Das heißt, du klärst deine Stars in spe über Risiken und Nebenwirkungen des Musikgeschäfts auf.

Hannes Eder: Ich klär sie als erstes über „Energievampire“ auf, die ihnen ab sofort bei jeder Gelegenheit begegnen werden. Und das man die möglichst zurückdrängen muss. Ich sag ihnen auch, dass es ganz viel Arbeit ist, und dass sie jetzt eine Riesenchance haben, von der Hunderte, Tausende andere träumen. Und, dass nix garantiert ist. Die Chancen stehen so gut wie bei allen anderen, die noch vor sechs Monaten davon geträumt haben. A g’mahte Wies’n gibt’s afoch net!

Die meistverkaufte CD in Österreich war 2006 der Kiddy-Contest-Sampler. Erst danach kommt Christina Stürmer, bei der man das aber eigentlich vermutet hätte. Wie stark hängt die Karriere eines Popstars oder einer Band in Österreich eigentlich davon ab, ob das Fanpublikum – mit deinen Worten: die Zielgruppe – die CDs tatsächlich kauft, oder sich die Platten einfach kopiert bzw. downloadet? Es kommt ja nicht von ungefähr, dass die Volksmusik- und Schlagerszene in Österreich so lange in den Charts vertreten ist. Deren Fans kaufen sich vom aktuellen Album auch die Gold- und die Platinum-Edition, selbst  wenn sie sämtliche Songs dadurch dreifach zuhause haben…

Hannes Eder: Also, der Kiddy-Contest-Sampler ist seit Jahren immer die meistverkaufte CD (lacht), das muss man zugeben. Und zum anderen: Ja, es sind zu hundert Prozent die CD-Verkäufe, weil die Plattenfirma ja net die Caritas is. Die Caritas ist gut und unterstützenswert, aber wir sind ein auf Umsatz und Gewinn orientiertes Unternehmen – auch im Sinne unserer Künstler, die wollen ja auch gern, dass es gewinnorientiert und nicht armenhilfemäßig bei uns abläuft.

Das ist total wichtig, wobei der Erfolg der zitierten Schlager-und Volksmusik bei uns auch damit zu tun hat, dass die Infrastrukturen und Rahmenbedingungen in Österreich mehr als optimal sind. Die können 200 Mal im Jahr irgendwo auftreten, wo Publikum ist und wo sie Gage kriegen. Die finden über zwanzig Fernsehsendungen im Jahr, im Hauptabend, wo sie auftreten können. All das gibt’s beim Pop nicht – um die Rahmenbedingungen da zu ändern, das wird a bisserl Zeit dauern.
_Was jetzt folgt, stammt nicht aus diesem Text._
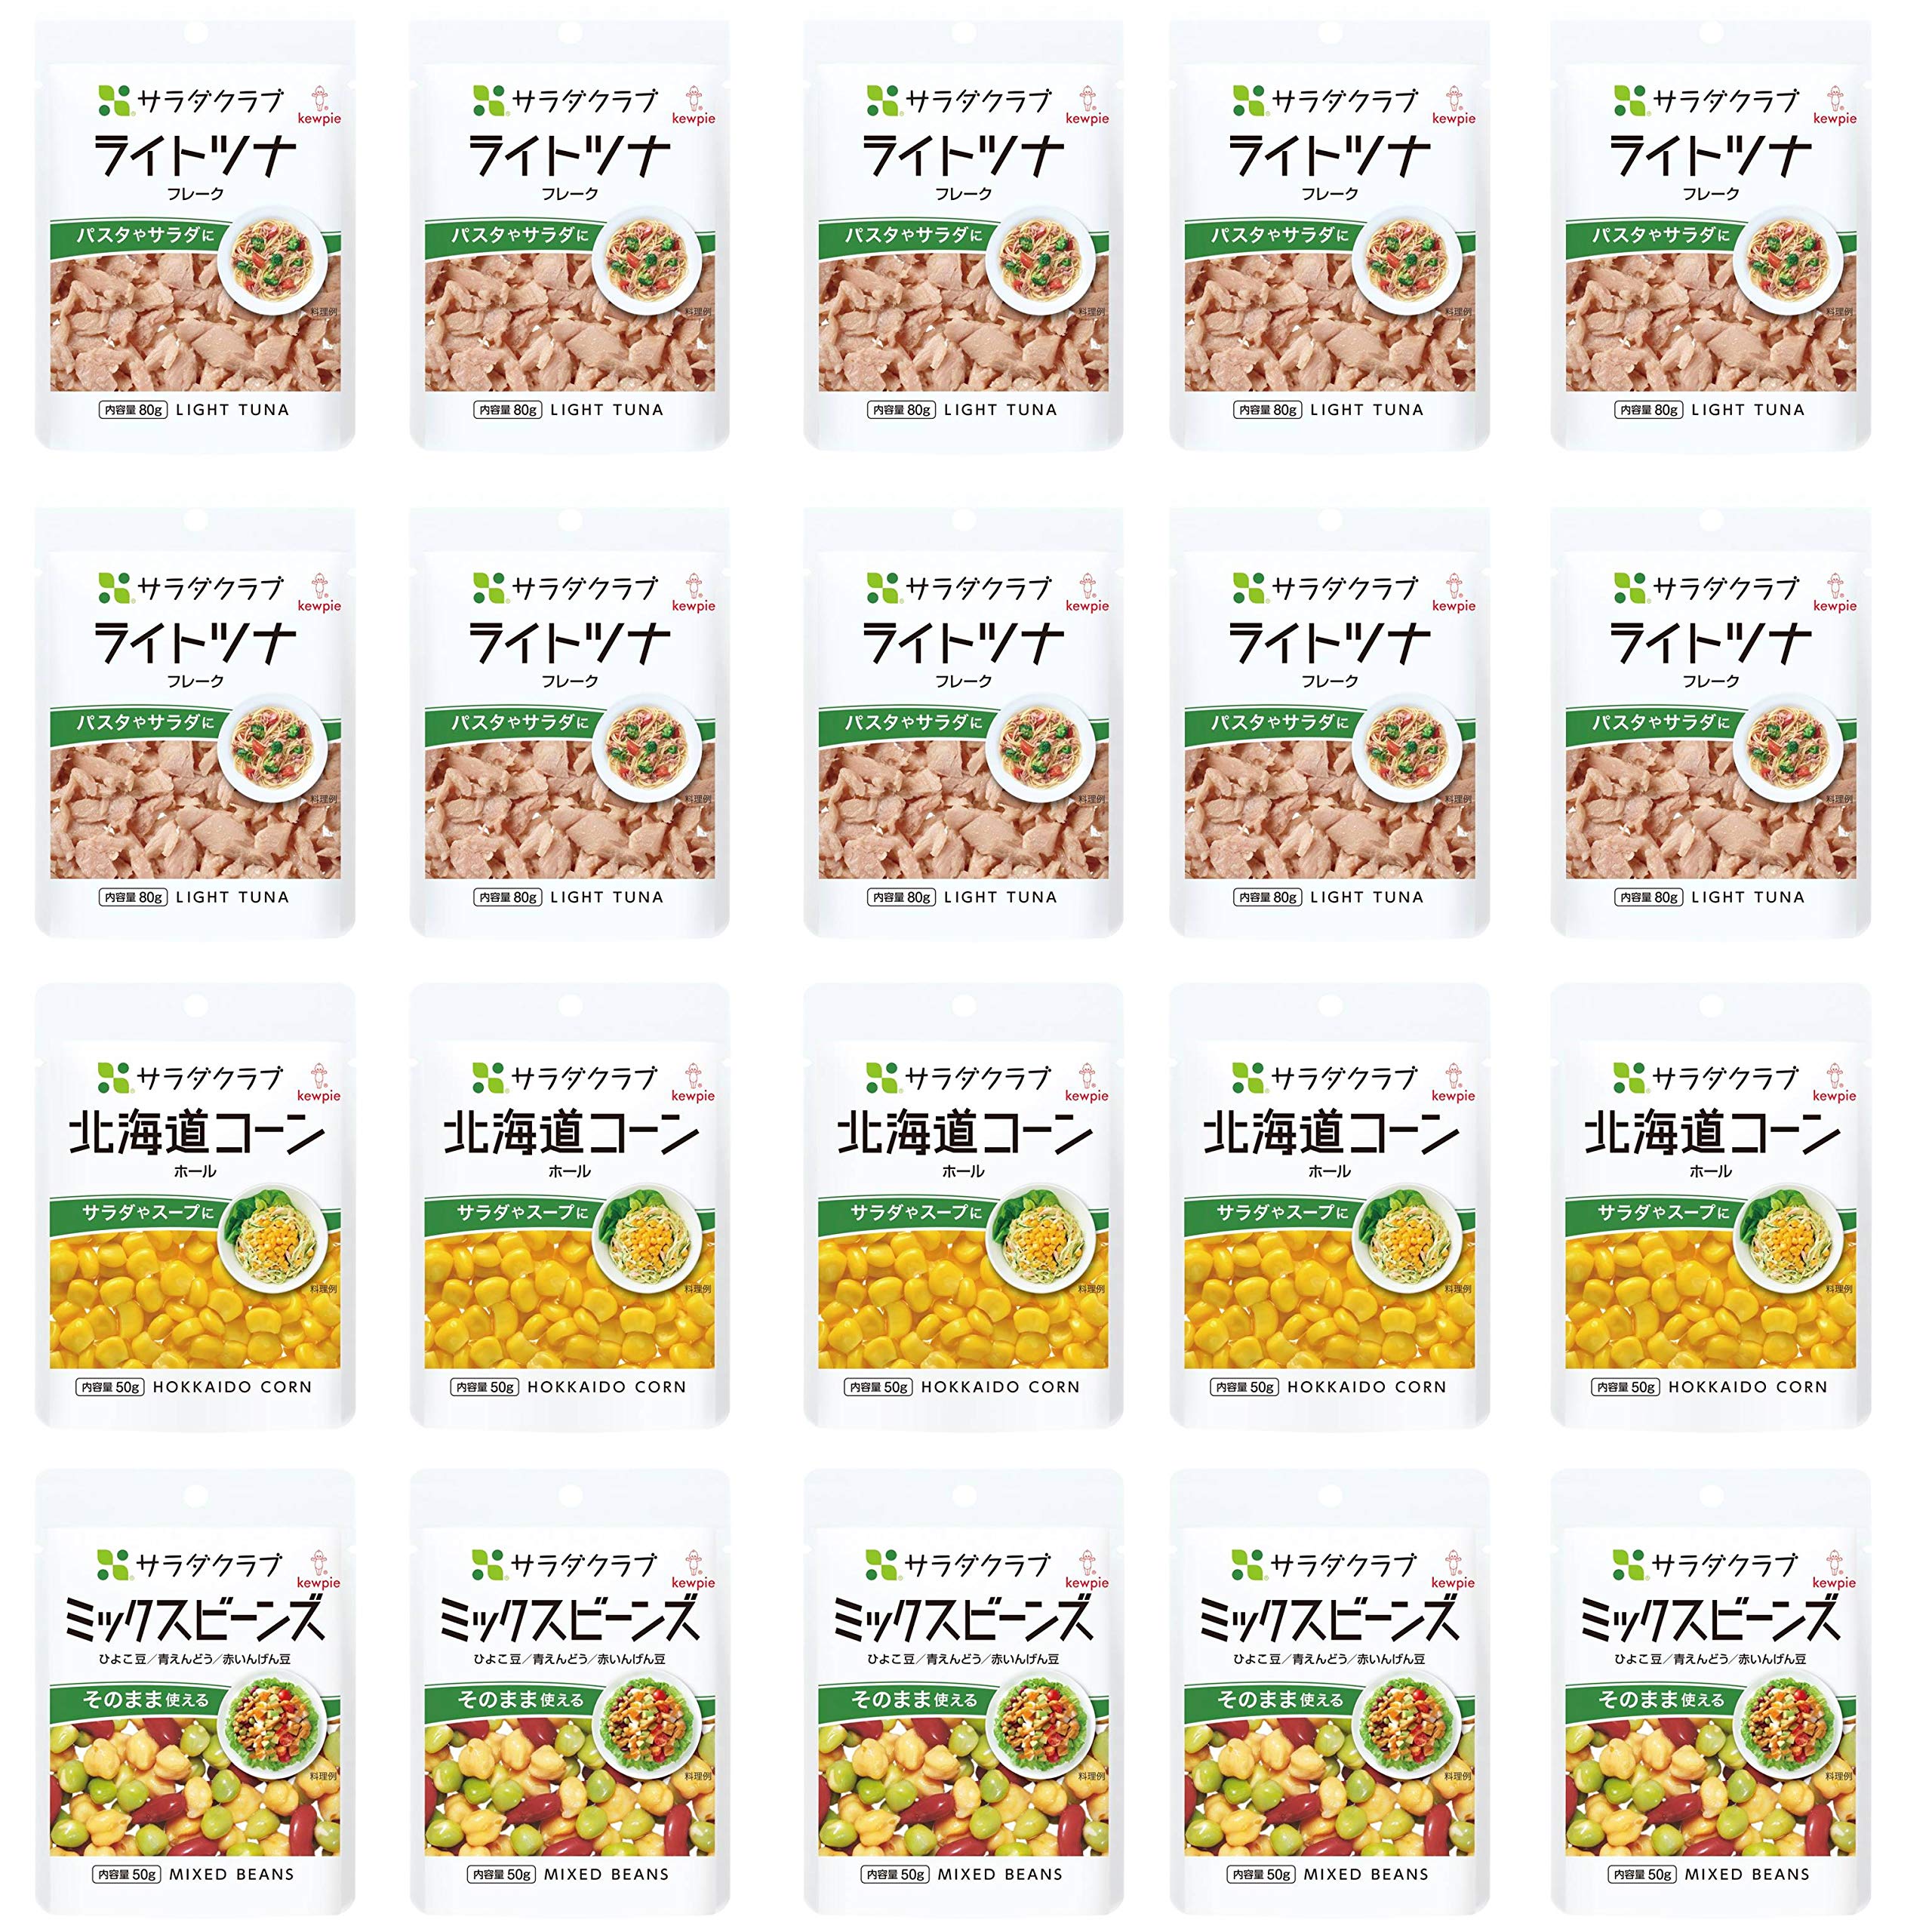 【】 キユーピー サラダクラブ サラダにあわせる 3種セットA(ライトツナ+北海道コーン+ミックスビーンズ)【セット買い】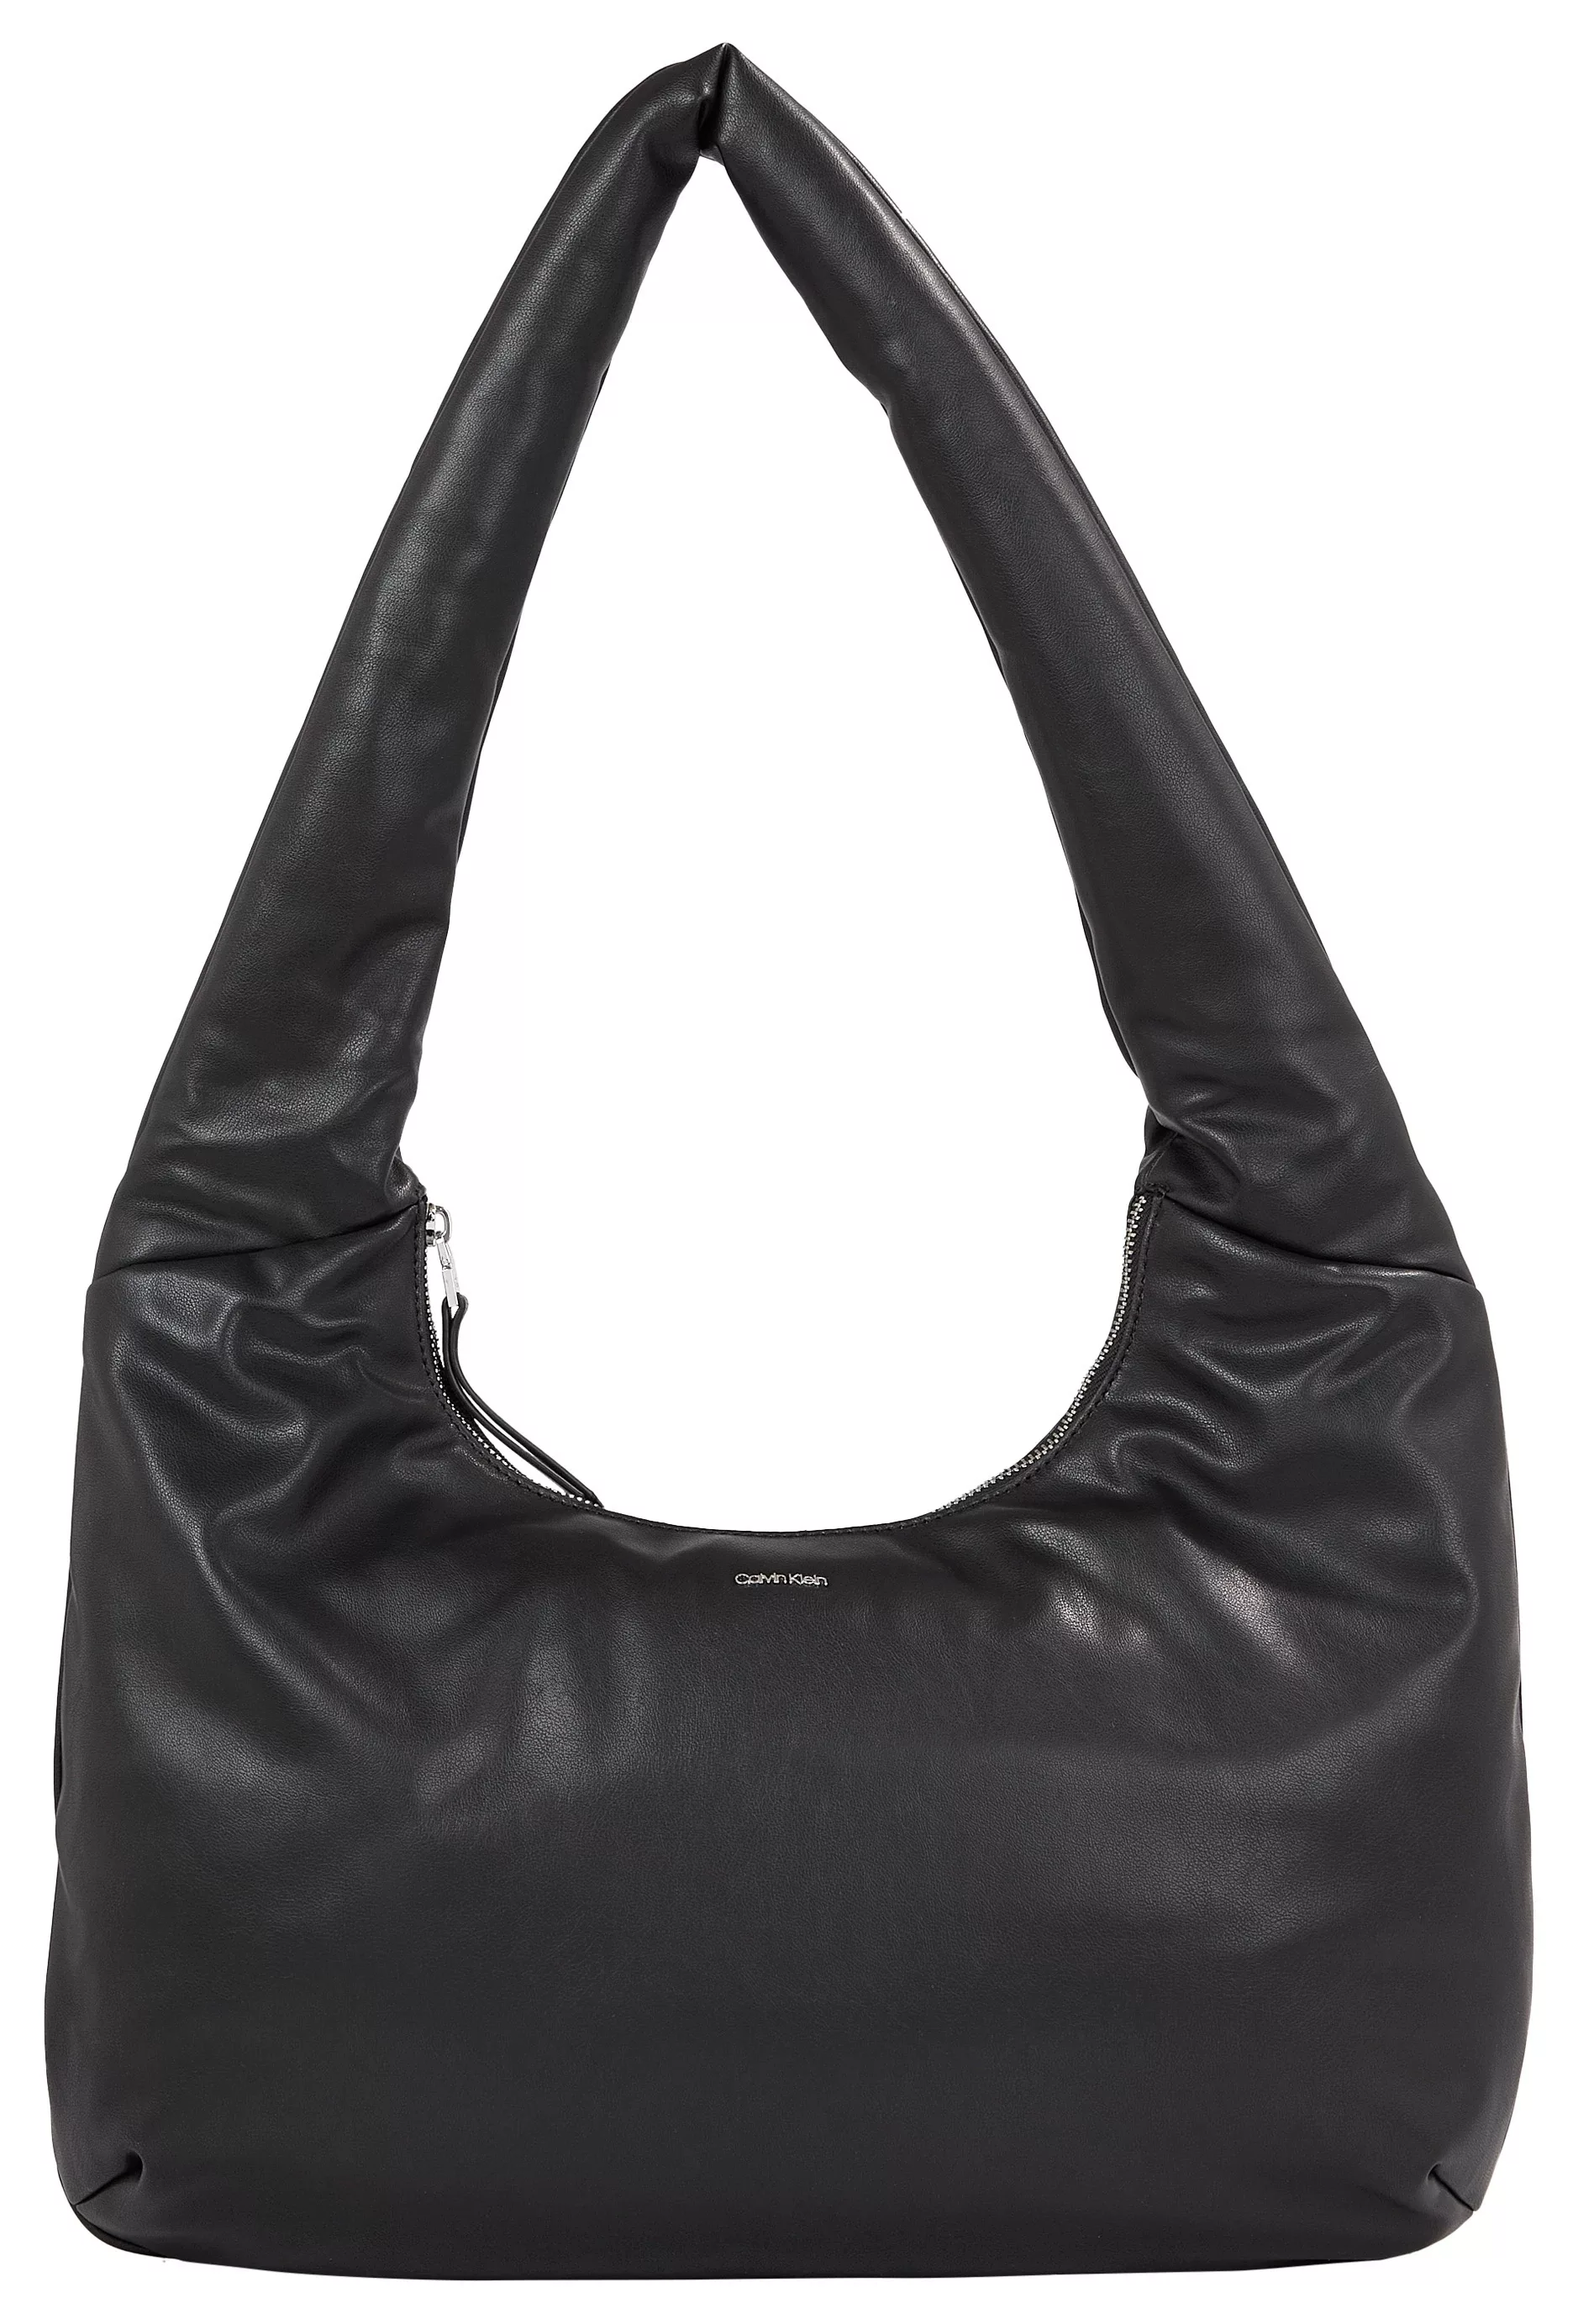 Calvin Klein Schultertasche "EMMA LARGE SHOULDER BAG", Handtasche Damen Tas günstig online kaufen

Aber es gibt den Silberstreif am Horizont (lacht).

Das heißt, Popmusik braucht ihren eigenen Musikantenstadtl?

Hannes Eder: Die braucht außerhalb des singulären TV-Events Starmania – und das brauch nicht nur ich, sondern die Musikbranche insgesamt – Formate, die Musik nicht als feindlichen Eindringling betrachten, sondern diesen mit Handkuss gerne in der Sendung hätten. Jetzt red i net nur vom TV, sondern auch vom Radio. Denn da verhält sich’s ähnlich – zumindest was österreichische Musik betrifft.

Du warst selbst einmal Musiker mit einer Band und hast – soweit ich mich da erkundigen konnte – auch Platten aufgenommen. Warum ist daraus nichts geworden?

Hannes Eder: Weil wir damals etwas gemacht haben, das einfach nicht massenkompatibel genug war (lacht). Ich war selber bei der Polygram, die jetzt zur Universal gehört, um ihnen unser aktuelles Album anzubieten. Da ist mir erklärt worden – aber in etwas anderen Worten – was ich jungen Künstlern jetzt auch öfter sagen muss: Dass das zwar schön und gut ist, aber es in Österreich kaum Leute kaufen würden.

Wenn du mit deiner Band von damals jetzt bei dir als Universal-Boss anklopfen würdest, würdest du dein früheres Ich unter Vertrag nehmen?

Hannes Eder: Mit dem Sound, den wir damals g’habt haben?

Naja, stellen wir uns vor, es wäre ein wenig der Zeit angepasst…

Hannes Eder: Äh… naa! Und zwar deswegen, weil’s jetzt andere gibt, die besser sind als wir damals waren. Auch in punkto Einstellung, die heute noch bei vielen Bands dieselbe ist. Die wollen alle Vorteile, die ein großes Label zu bieten hat, aber vom Know-How – und das muss bei uns zwangsläufig vorhanden sein, sonst wären wir nicht so erfolgreich – genau nix wissen. So nach dem Motto: „Gebt’s mir die Marie, aber dreinreden tut’s nix, weil wir wissen eh alles besser als der Rest der Welt.“ Und das ist keine Basis auf der man langfristig mit einem Künstler arbeiten kann. Und kurzfristige Erfolge sind mir wurscht.

Wir sind gespannt, welcher Erfolg die Starmanicas erwartet…

Hannes Eder: Ich auch. Und zwar mindestens genauso (lacht).